Créé en 2016 à Beyrouth, Myki est une application gratuite pour différents types d’appareils électroniques qui se distingue de la concurrence car les mots de passe des utilisateurs sont stockés sur leur smartphone et non en ligne. Ainsi, pas de risque de voir ses informations secrètes fuiter si le service lui-même est pris pour cible. Pour qu’un hacker puisse accéder à votre coffre fort, il faudrait qu’il dérobe à la fois votre smartphone… et votre doigt pour ouvrir l’application. Aujourd’hui basé à New York, Myki compte désormais plus de 400 000 utilisateurs à travers le monde et observe une croissance rapide.

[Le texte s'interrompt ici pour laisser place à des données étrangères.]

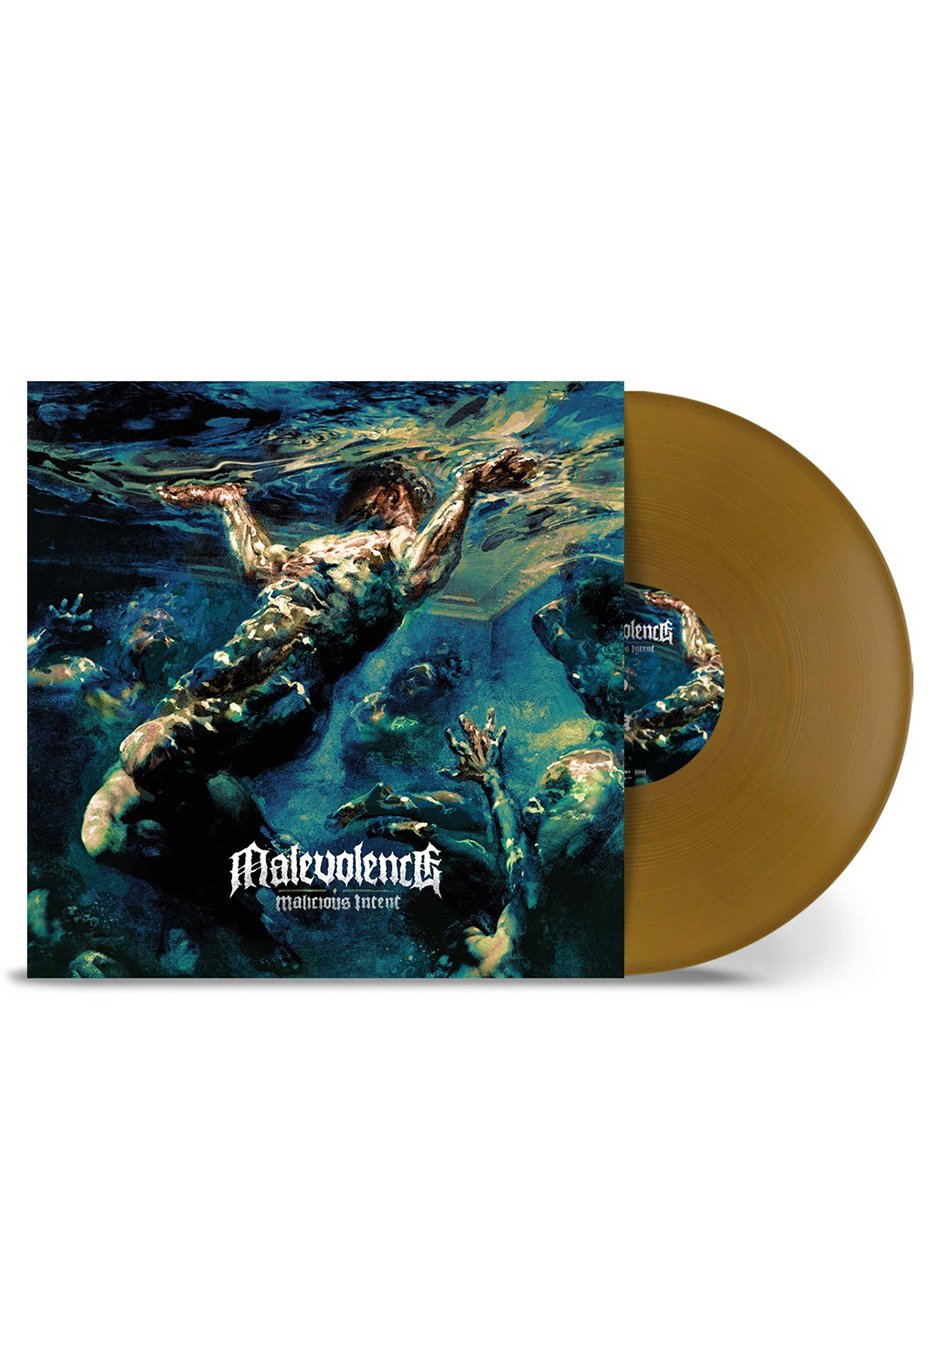 Malevolence - Malicious Intent Gold - Colored Vinyl
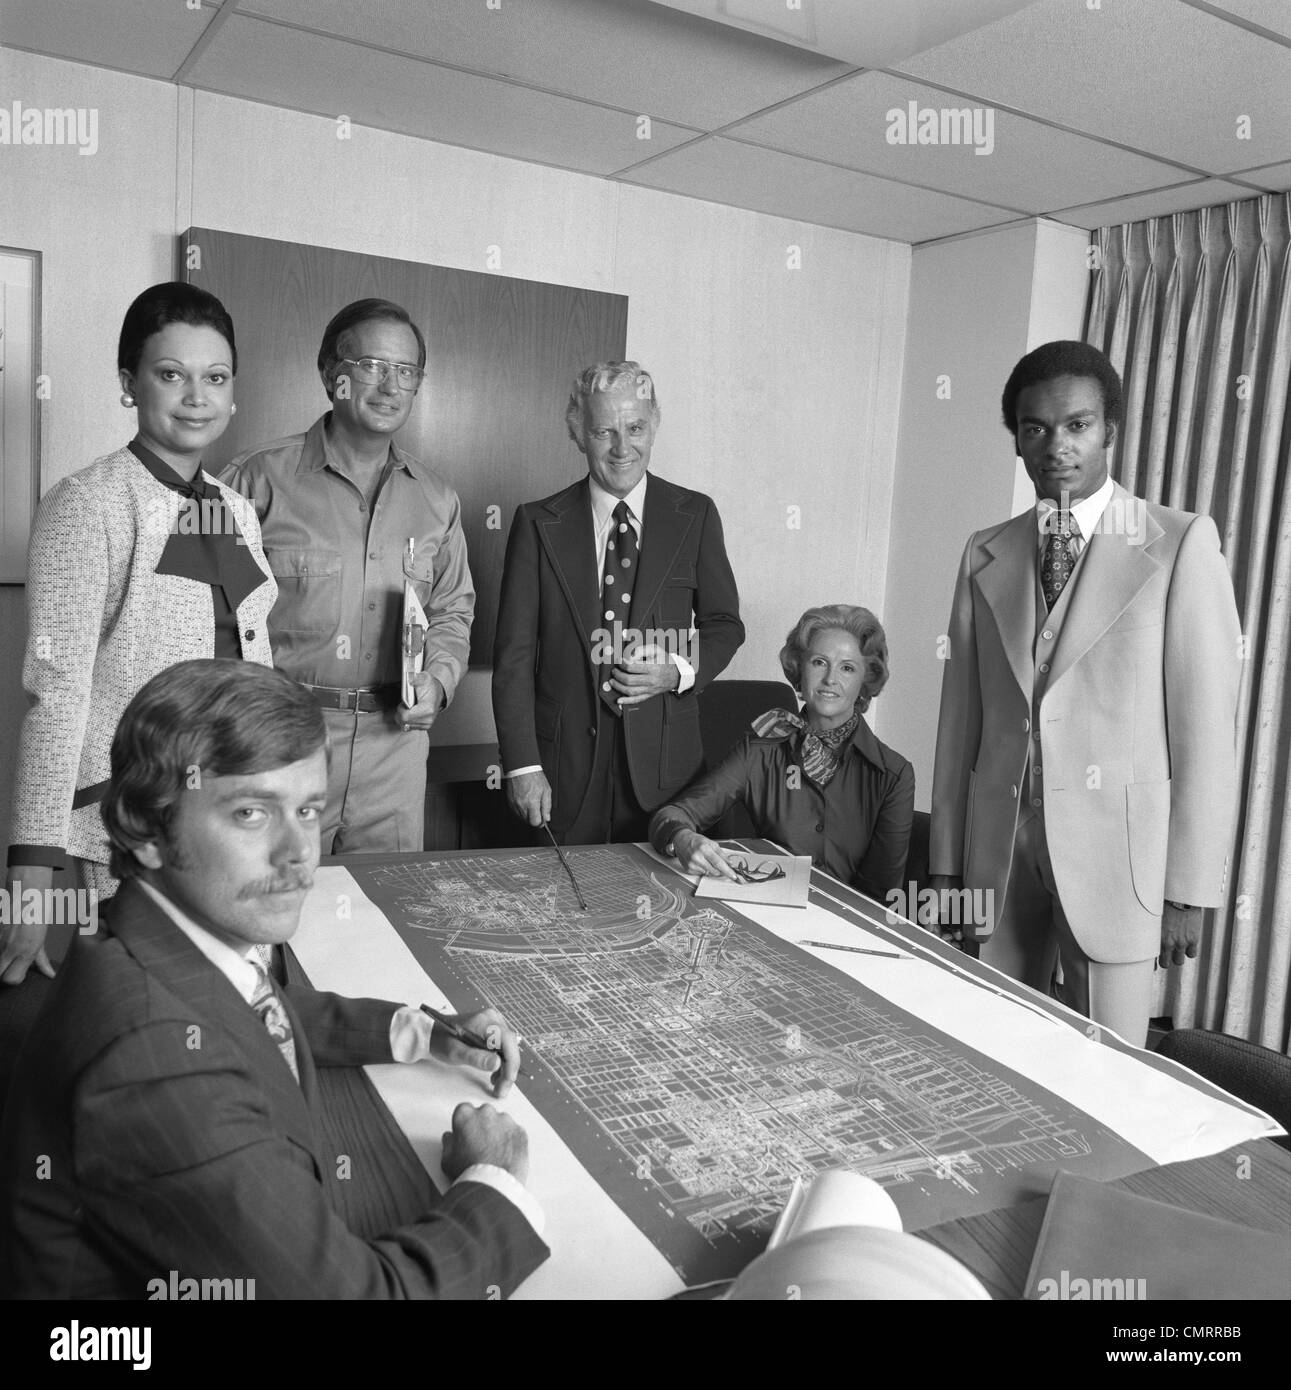 1970s PORTRAIT 6 BUSINESS PEOPLE MEN & WOMEN AROUND TABLE WITH BLUEPRINTS Stock Photo

Le 13 février dernier, la start-up libanaise a remporté le prix Editor’s Choice Award du mensuel sur l’informatique PC Magazine, rejoignant Netflix sur la liste des heureux lauréats. Fameux coup de projecteur pour la start-up, Myki grimpe ainsi sur la première marche du podium des gestionnaires de mots de passe. « Ce prix prestigieux témoigne du travail acharné et de la passion que nous partageons tous chez Myki alors que nous travaillons jour après jour pour aider les utilisateurs à retrouver contrôle de leur identité numérique », déclare Antoine Vincent Jebara, cofondateur et PDG de Myki.

Double authentification et antivirus

Il est également vivement recommandé d’utiliser la double authentification sur Facebook ou sa boîte mail principale. Ce système de sécurité implique que l’internaute entre son mot de passe et qu’un code lui soit ensuite communiqué par téléphone ou par email.

Enfin, si posséder un mot de passe complexe et unique complique le piratage en direct (le fait de tester tous les mots de passe possibles avec un identifiant connu), pour Clubic, l’un des plus gros dangers aujourd’hui pour les utilisateurs reste les virus. Un malware pourrait être capable de récupérer des identifiants stockés dans un navigateur ou d’intercepter des saisies au clavier.

Avoir un antivirus/malware à jour semble ainsi être l’un des derniers remparts pour protéger ses données et retrouver le contrôle de son identité numérique. Autant que faire se peut.